Lack or Loss of something is required to set the symbolic in motion.
The Phallus is the signifier of lack
A woman’s sexual identity can, in fact, involve many different possible combinations, for unlike masculine and feminine structure, which in Lacan’s view constitute an either/or, there being no middle ground between them, ego identification can include elements from many different persons, both male and female. In other words, the imaginary level of sexual identity can, in and of itself, be extremely self-contradictory.

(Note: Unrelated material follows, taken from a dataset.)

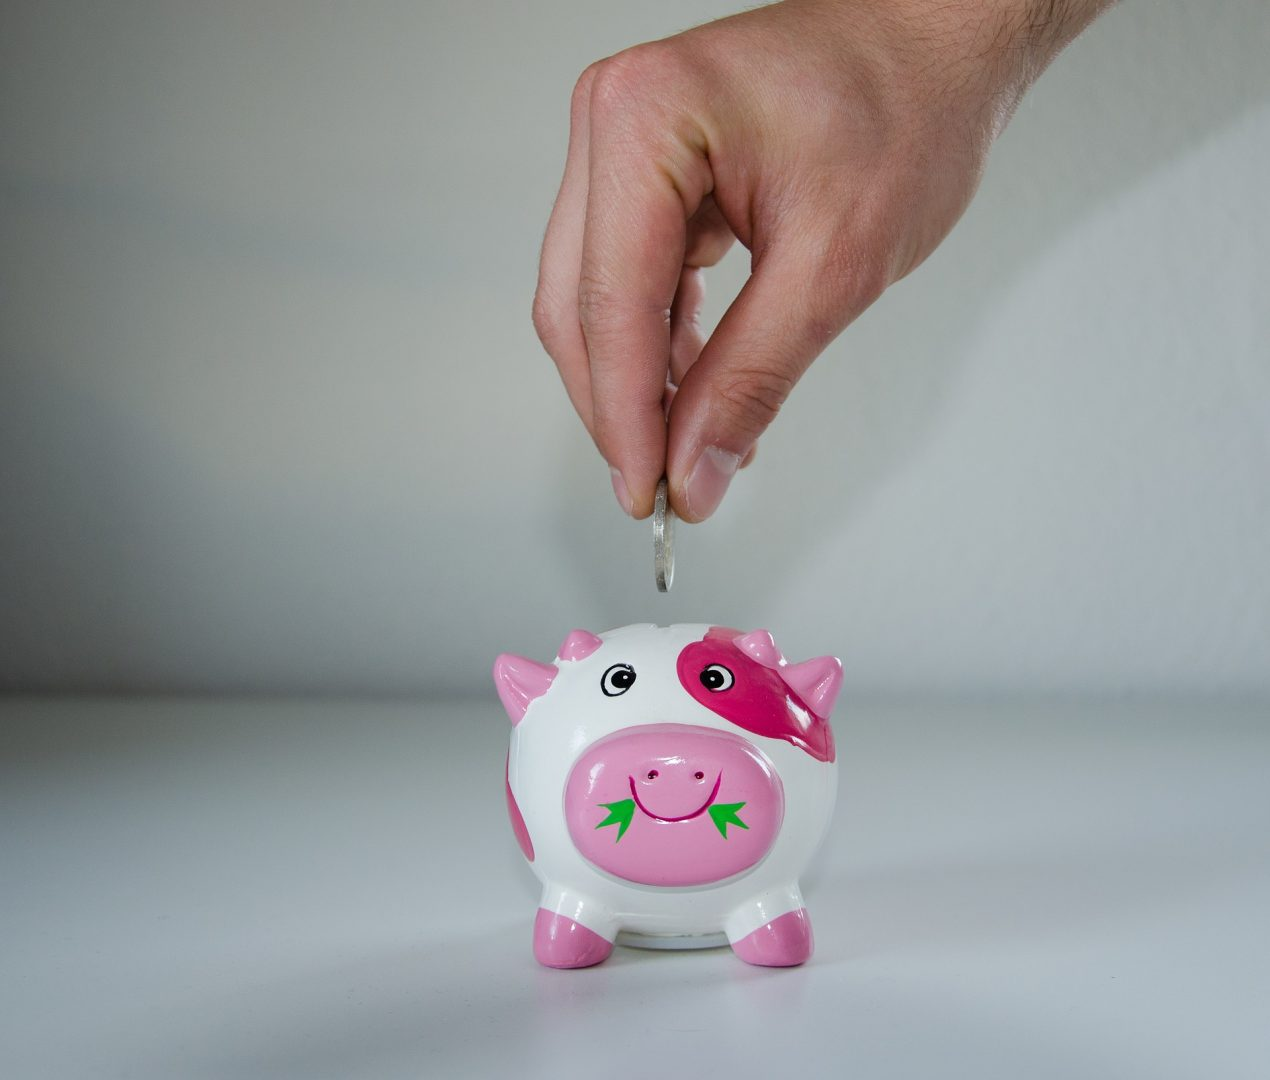 Mutui: tasso fisso o tasso variabile?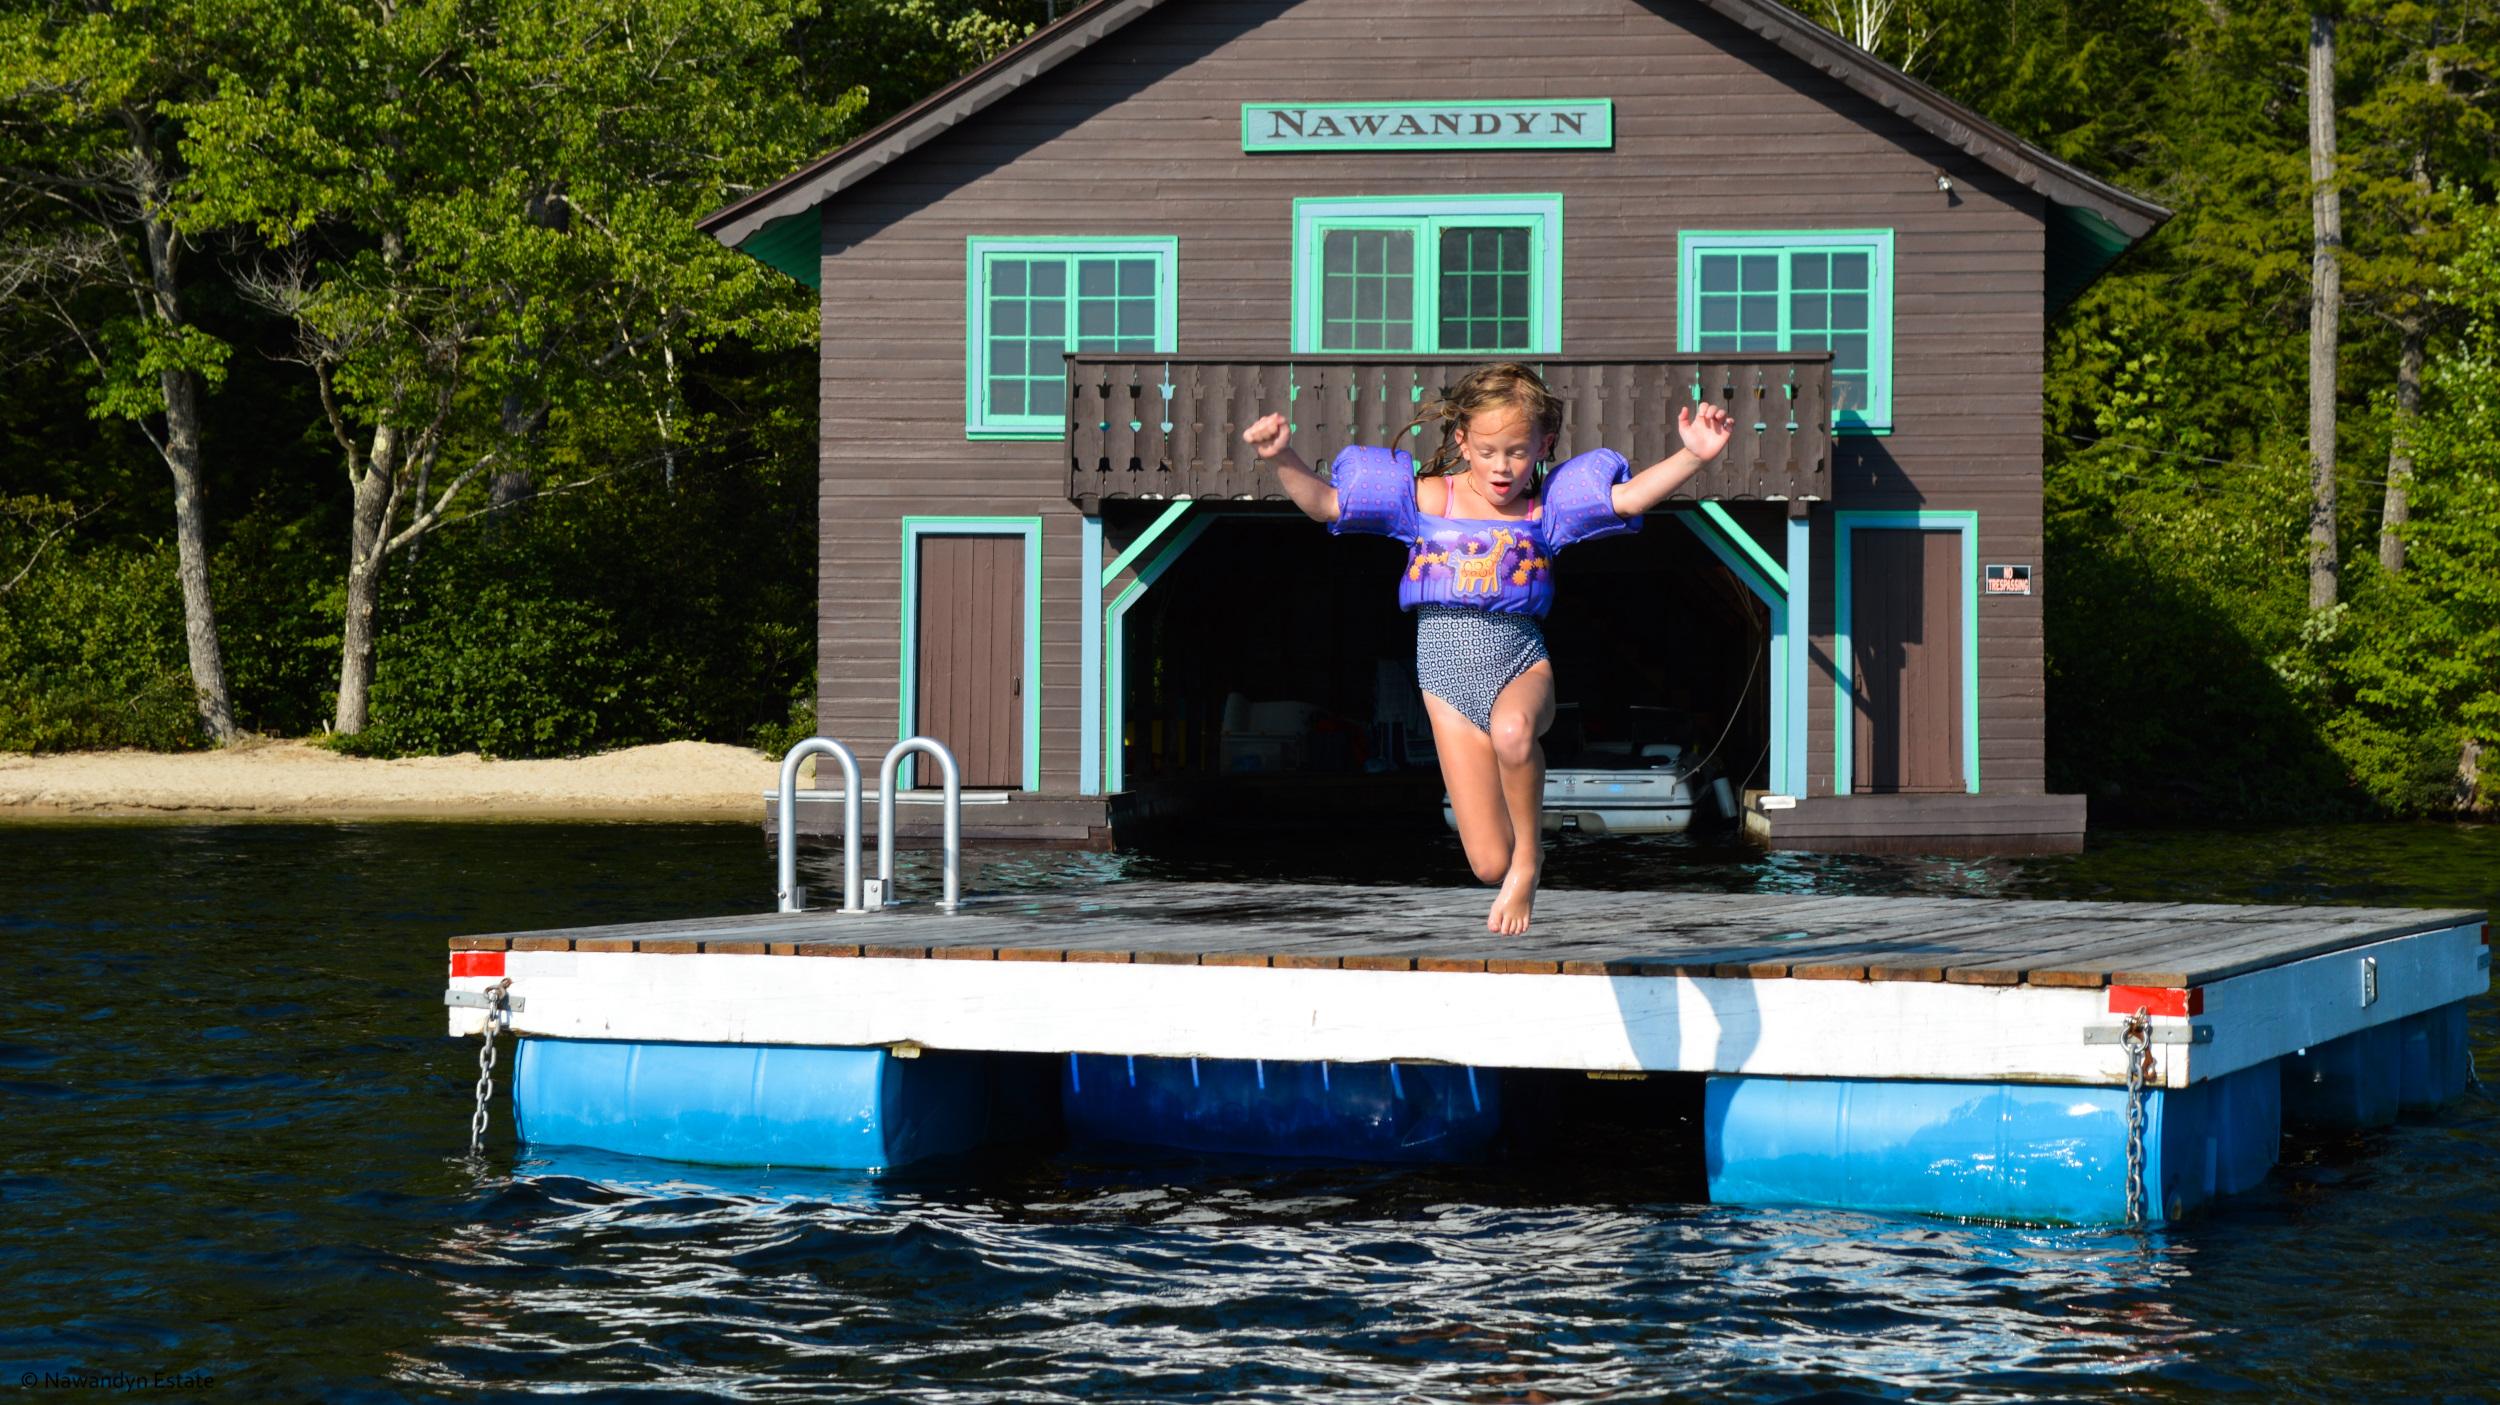 Sheer Joy -- jumping into warm, clear Highland Lake

The very existence of sexual identity (sexuation, to use Lacan’s term) at a level other than that of the ego, at the level of subjectivity, should dispel the mistaken notion so prevalent in the English-speaking world that a woman is not considered to be a subject at all in Lacanian theory. Feminine structure means feminine subjectivity. Insofar as a woman forms a relationship with a man, she is likely to be reduced to an object —object (a)— in his fantasy; and insofar as she is viewed from the perspective of masculine culture, she is likely to be reduced to nothing more than a collection of male fantasy object dressed up in culturally stereotypical clothes: i(a), that is, an image contains yet disguises object (a). That may very well imply a loss of subjectivity in the common, everyday sense of the word —”being in control of one’s life,” “being an agent to be reckoned with,” and so on— but it in no way implies a loss of subjectivity in the Lacanian sense of the term. The very adoption of a position or stance with respect to (an experience of) jouissance involves and implies subjectivity. Once adopted, a feminine subject will have come into being. The extent to which that particular subject subjectivizes her or his world is another question.